A warm and wet atmosphere can hold more water—about 7% more for every degree. The extra heat and moisture in the atmosphere means more energy for storms that generate intense rainfall. As a result of this process, we expect more severe rainfall in the future, with heightened floods and damage to buildings and roads. Climate change increases the risk of coastal flooding due to higher sea levels and more storms.
The severe weather alerts show that some extreme events are drastically affected by climate change. Wildfires are now highly dangerous, and fire seasons have substantially lengthened. Hurricane alerts are constantly being sent throughout the year. Climate change has also already increased how often heatwaves happen. We need an in-depth understanding of what will happen next to protect our planet.
In machine learning and data science, we usually describe an unusual activity as an “outlier.” But there is a significant difference between extreme events and outliers.
An outlier is an observation that significantly differs from other observations of the same feature. Suppose a time series of data is plotted. In that case, outliers are usually the unexpected spikes or dips in observations at a given time. An outlier may exist due to a rare event, incorrect values resulting from errors or breakdowns, or bad recording practices.
While extreme events differ significantly from traditional outliers in many ways, an extreme event is not always an outlier; it does not always fall outside the normal activity distribution.
Let’s use Ambee’s air quality API, weather API, and wildfire data to understand how statistical outliers can help predict extreme events like forest fires in the USA.

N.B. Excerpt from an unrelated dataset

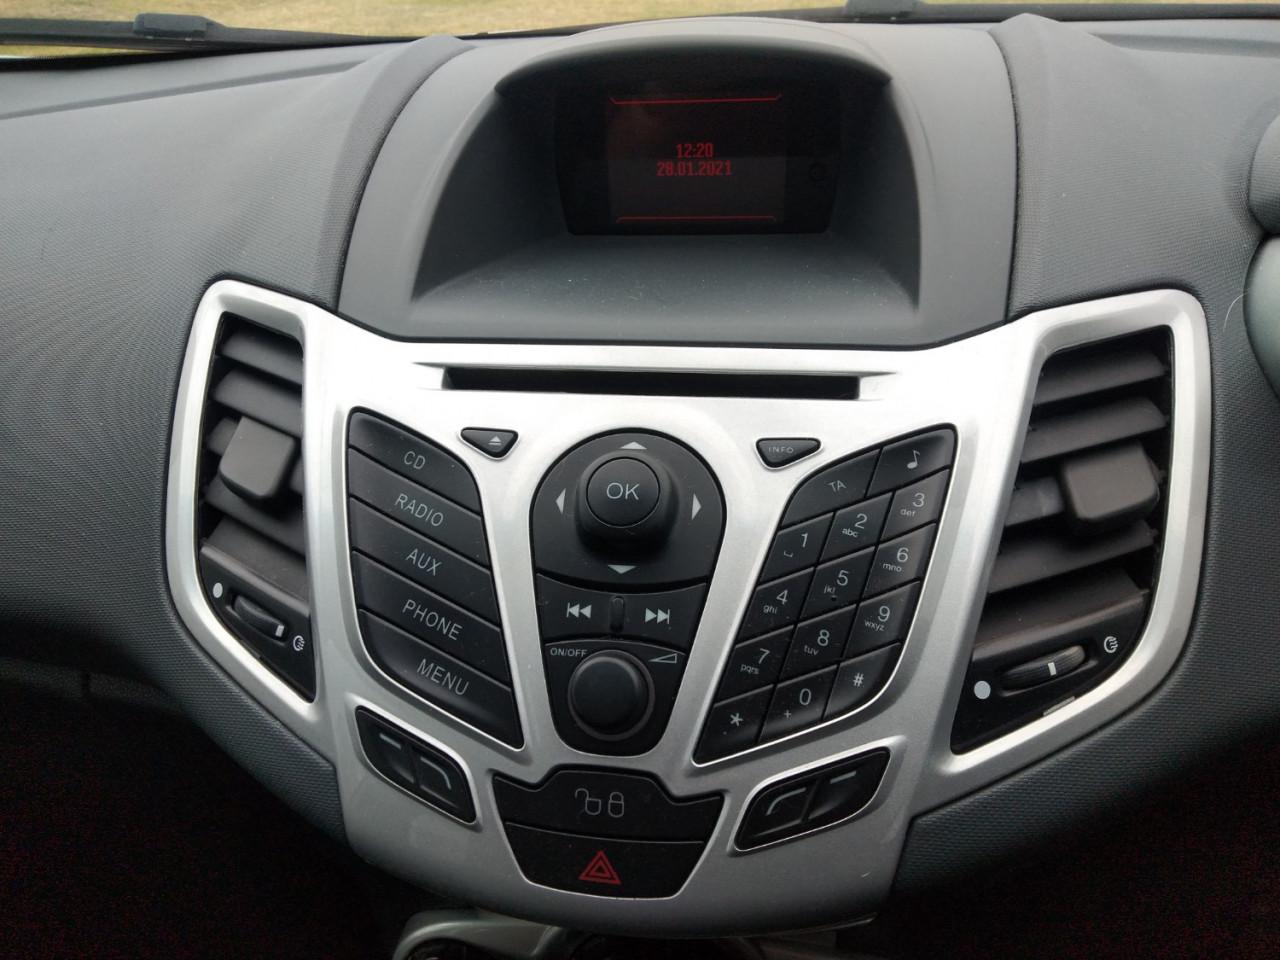 2012 Ford Fiesta WT LX Sedan Image 14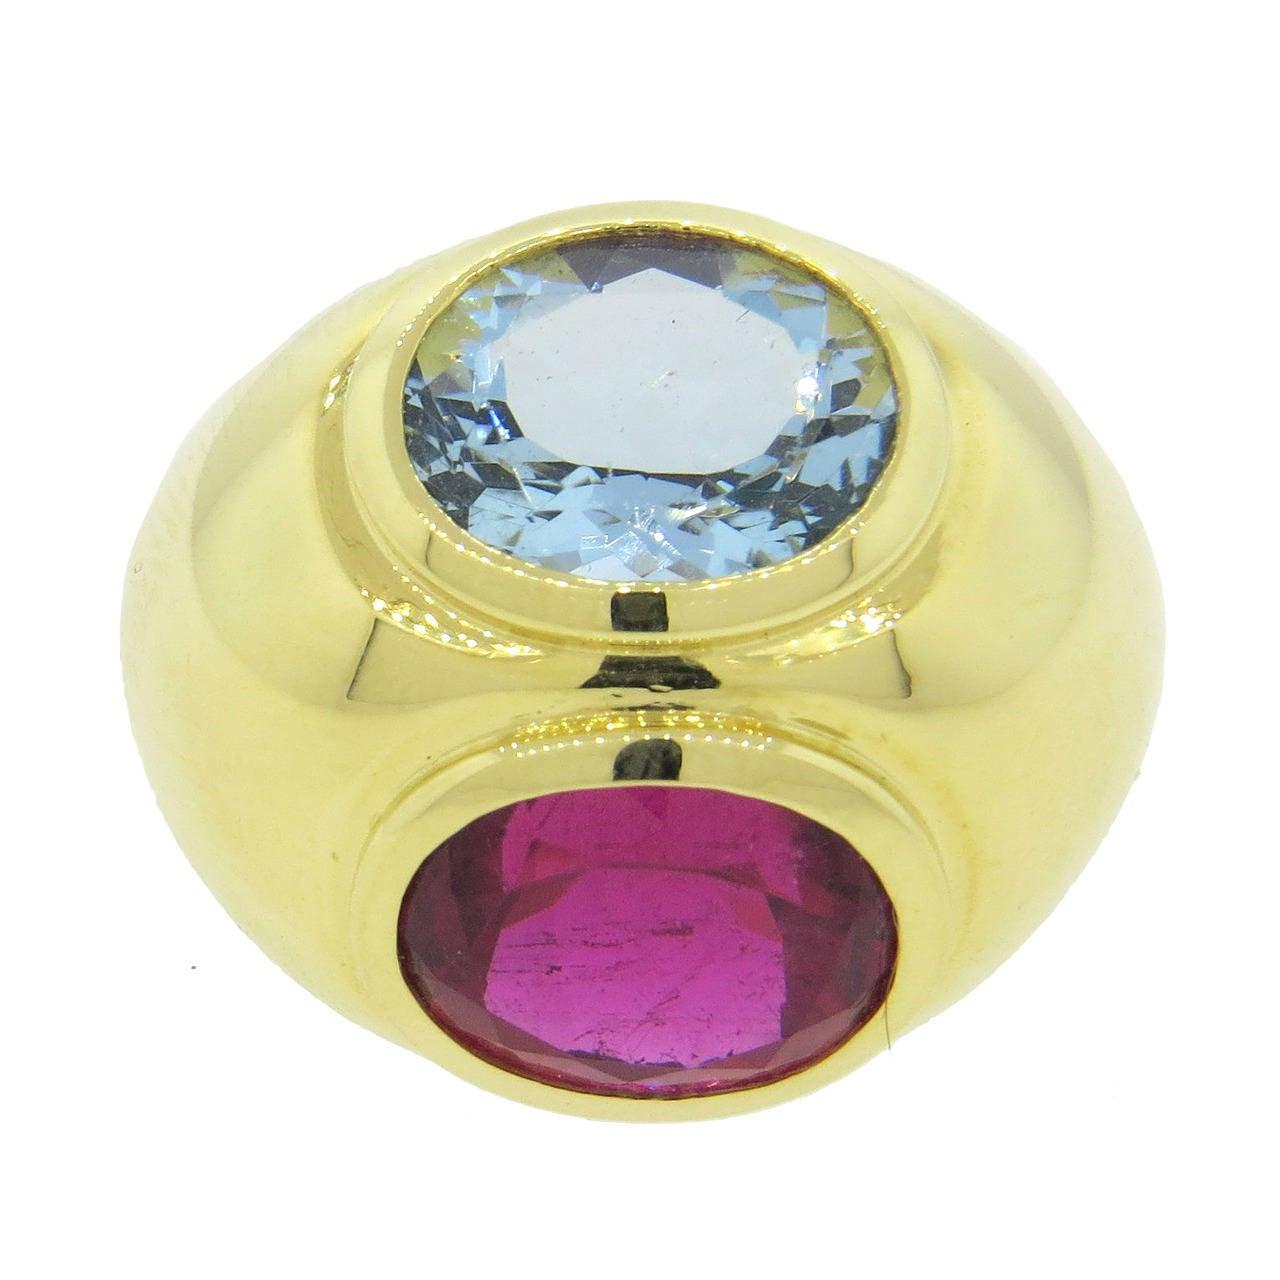 a62f37339 Tiffany & Co. Paloma Picasso Rubellite Tourmaline Aquamarine Gold Dome Ring  For Sale

By looking at the previous three days’ hourly data, the distribution looks like this:
If we used our traditional outlier detection methods, we might treat temperatures above 42 and PM25 above 50 as safe outliers. But wait, if we look at the series of fire events in the USA and plot them against the air quality and weather data distribution above, we will find that those “outliers” were extreme events.
The Dragon fire occurred in Arizona state. The exact location is shown below:
Now let’s look at the time series plot around the Arizona state from the past three days:
Time series plot of PM25 pollutants for the previous three days, with the Dragon Fire occurrence marked.
The temperature time series plot for the previous three days, with the occurrence of Dragon Fire marked.
Time series plot of humidity for the previous three days, with the occurrence of Dragon Fire marked.
The Dragon Fire occurrence shows a gradual increase in PM25, leading to an “anomalous” value of PM25 just after the event.
Let’s look at the forest fire data for one more occurrence, the Avalanche Fire, that occurred in California.
Now let’s look at the time series plot around the California state from the past three days:
The time series plot of PM25 for the previous three days, marking the occurrence of the Avalanche fire.
The temperature time series plot for the previous three days was marked by the occurrence of an avalanche fire.
The time series plot of humidity for the previous three days, marked with the occurrence of an Avalanche fire.
The occurrence of the Avalanche fire also proves that it leads to a gradual increase in PM25's value, making it look like an “anomalous” value 4 hours after the fire event, which otherwise was the outcome of the fire event.
If we had removed the outliers by using percentile methods, say removing those above 99% or removing those below 2%, then we would have definitely missed out on predicting extreme climate events. Since climate change is a dynamic phenomenon, most traditional data wrangling methods do not make sense or are dangerous if applied.
In reality, assessing changes in extremes is not trivial. For statistical reasons, valid analysis of extremes requires long time series to obtain reasonable estimates of the intensity and frequency of rare events, such as the 10-year historical data. Also, continuous data series with at least a daily time resolution will also be highly useful for assessing extreme events.
The simplest approach to creating features for extreme events would be to look at time series data. Aggregation over previous hours of data as well as aggregation by looking at neighboring places’ data, we can say that two primary techniques can help :
Time aggregation: For each feature, create columns for
Value the last day
Mean over last ten days
Variance over the previous 10 days
Max & min values over the previous 10 days
Spatial aggregation: For each feature, create columns for
Mean of values in a radius of 100 miles
The variance of values in a radius of 100 miles
Max & min values within a radius of 100 miles
Forecasting based on the aggregated features might help predict the next values and extreme events. Thus, we see that removing outliers is not always necessary and depends on the use case.